Whenever a picture appears in the listing below, leave it out, and copy exactly the lines from the one containing "Weź udział w" through the end.

===== Data section

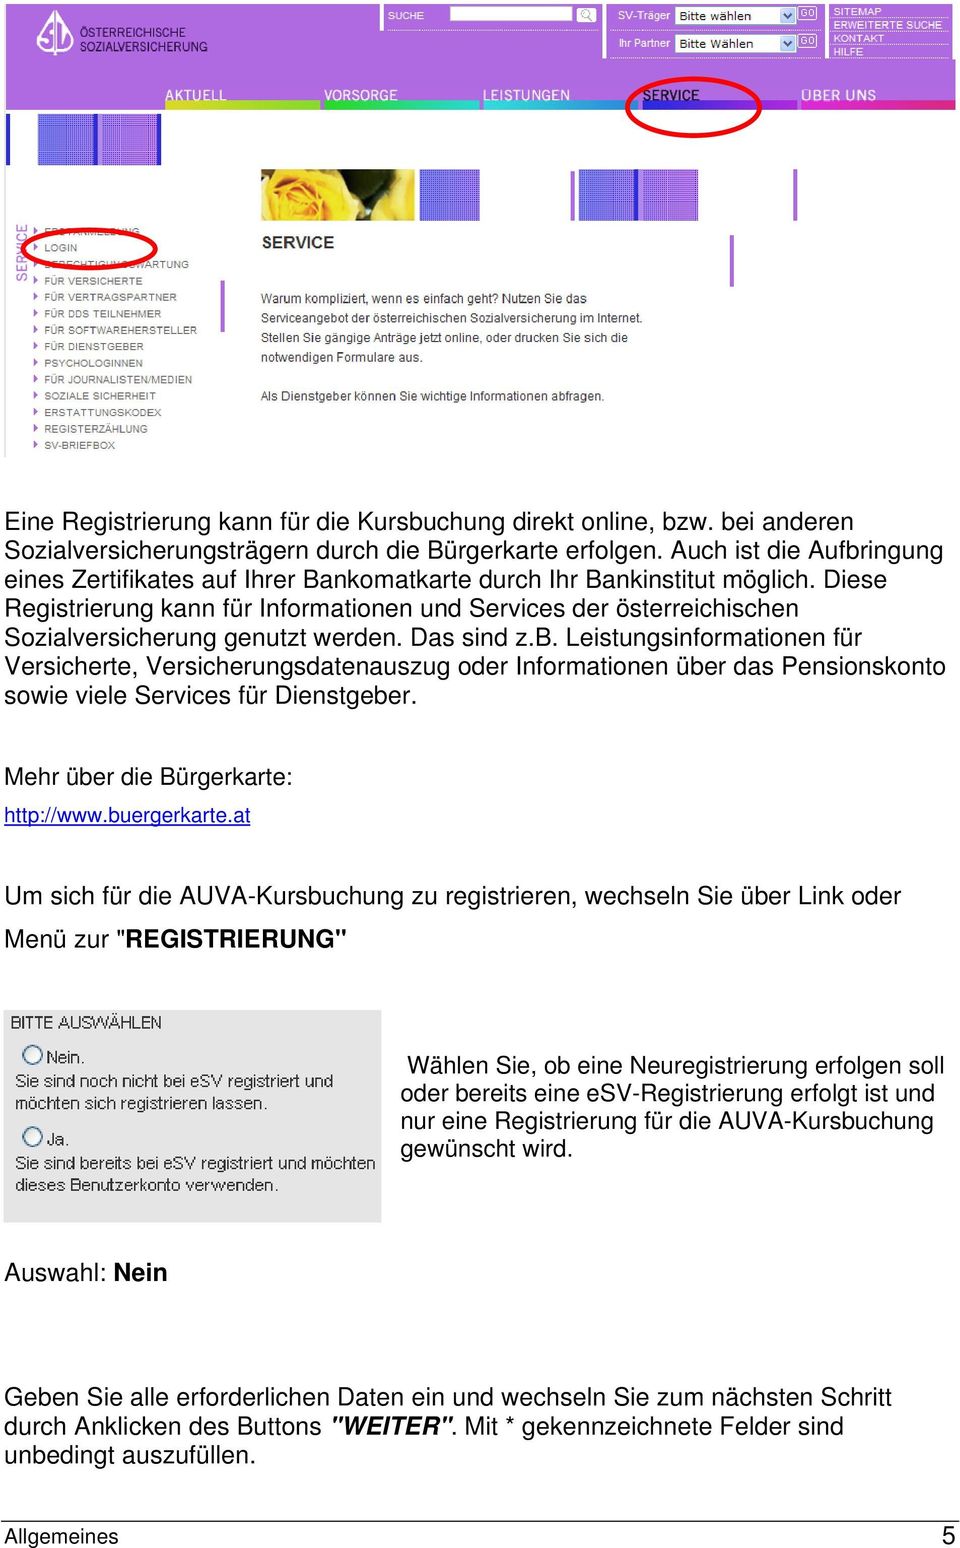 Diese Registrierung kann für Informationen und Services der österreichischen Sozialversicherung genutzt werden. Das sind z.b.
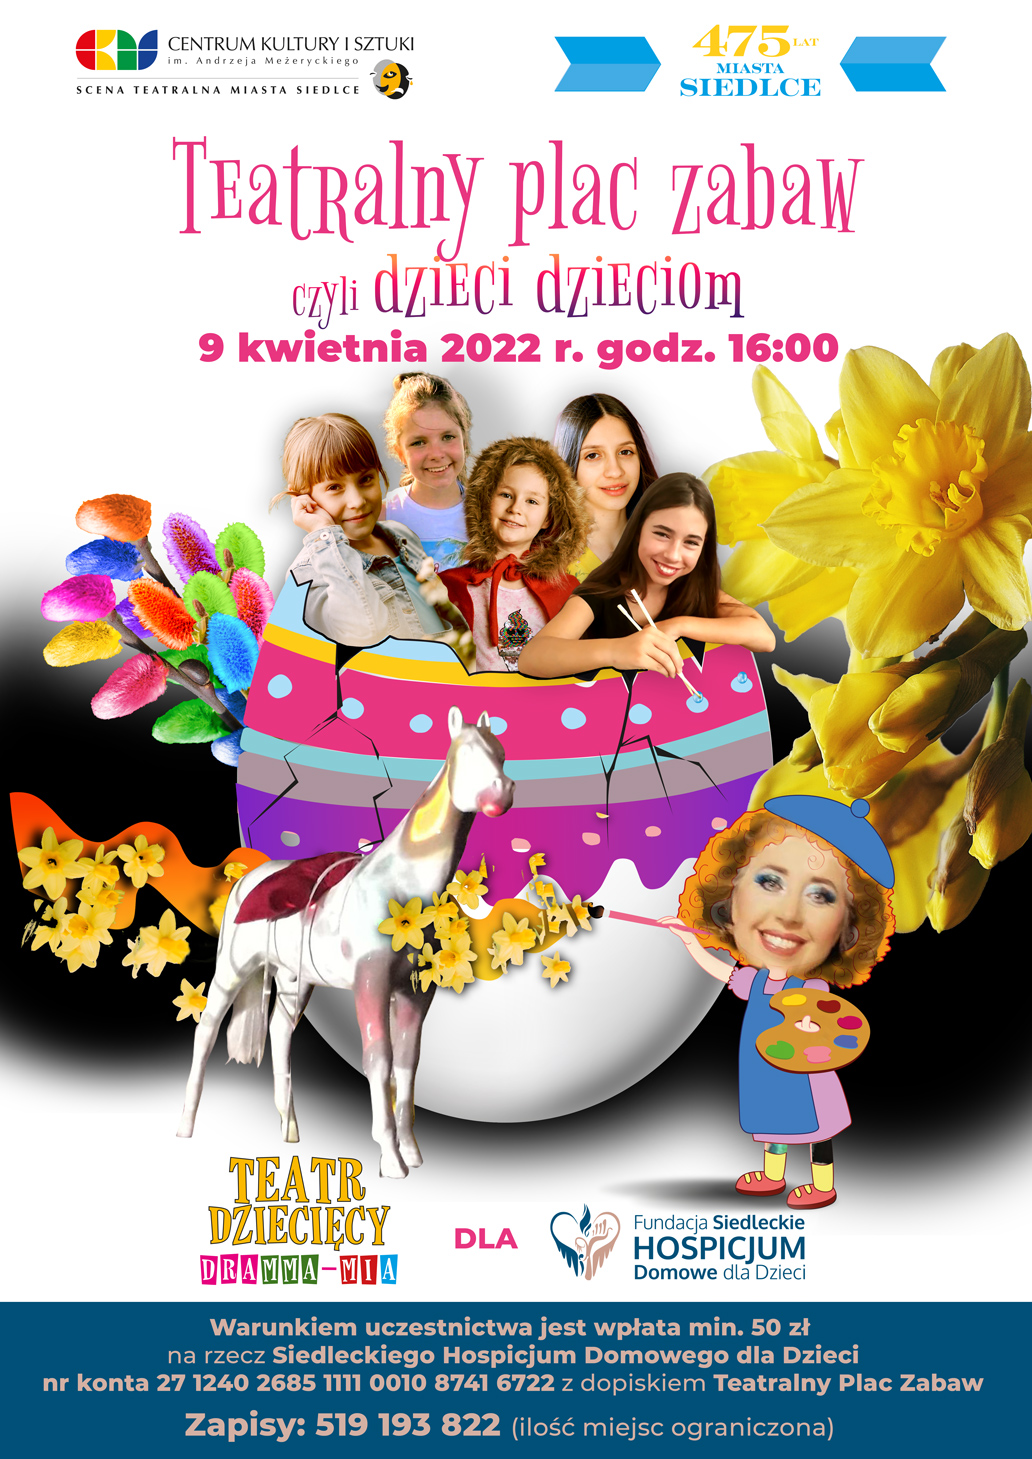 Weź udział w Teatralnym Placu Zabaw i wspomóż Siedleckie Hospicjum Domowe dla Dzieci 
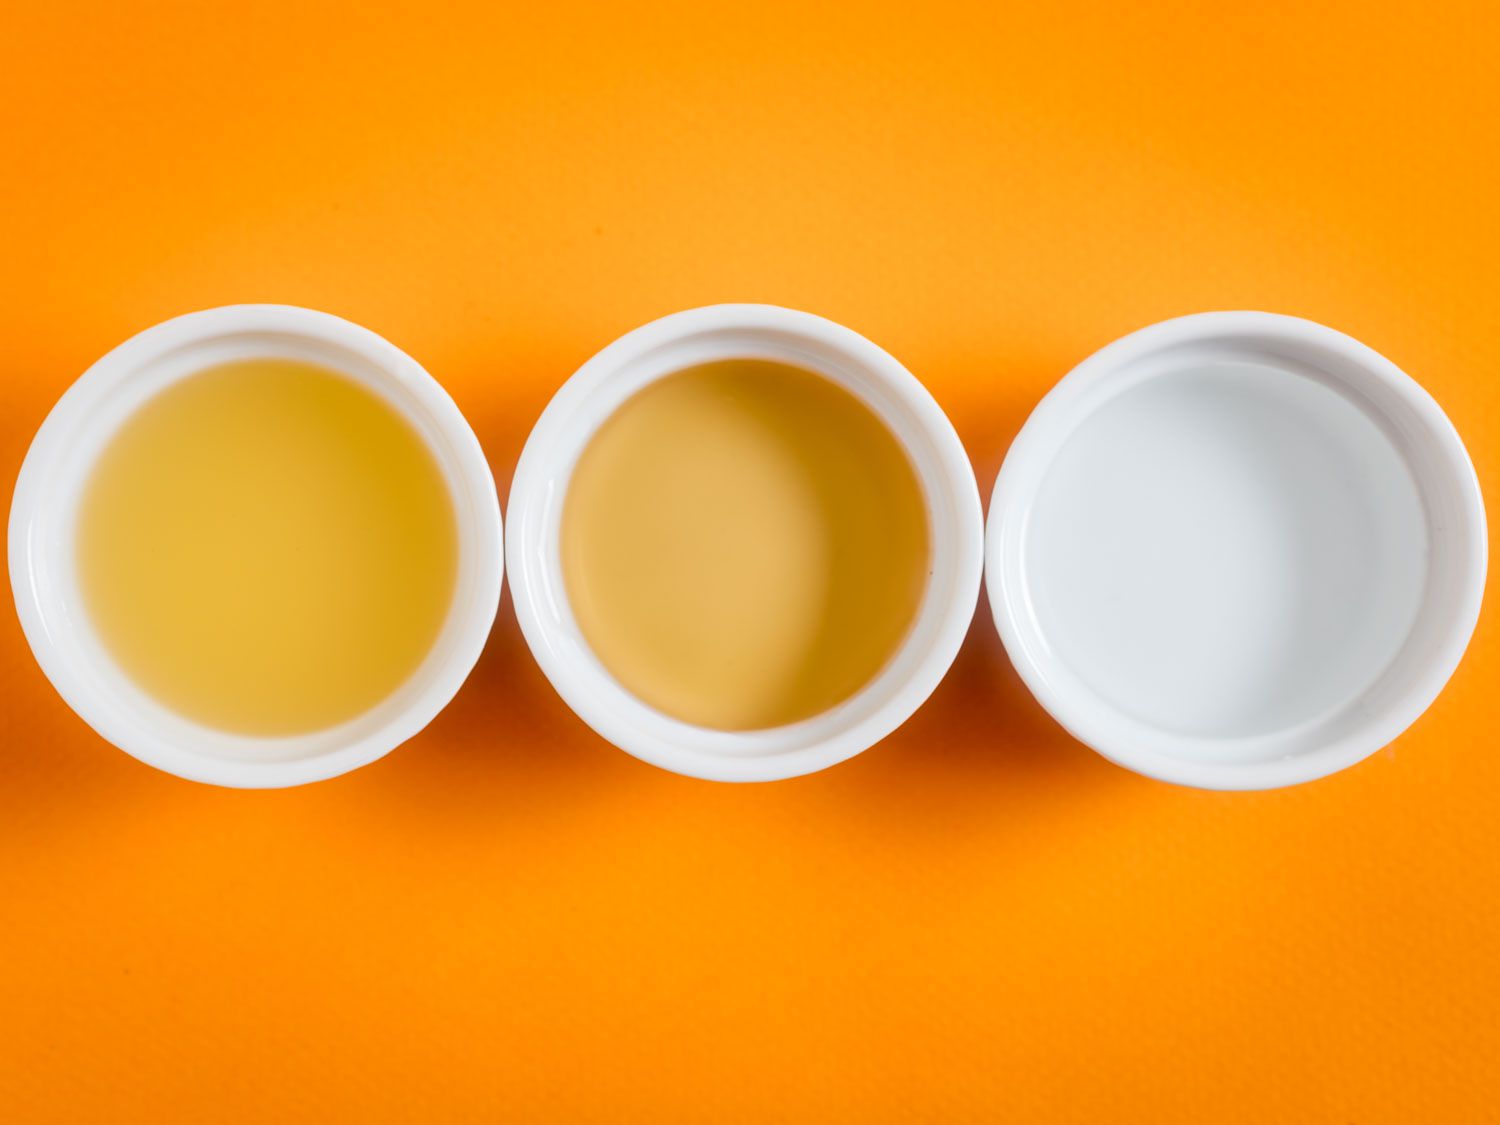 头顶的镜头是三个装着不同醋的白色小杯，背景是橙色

==========

Task result:
 Weź udział w Teatralnym Placu Zabaw i wspomóż Siedleckie Hospicjum Domowe dla Dzieci 
 头顶的镜头是三个装着不同醋的白色小杯，背景是橙色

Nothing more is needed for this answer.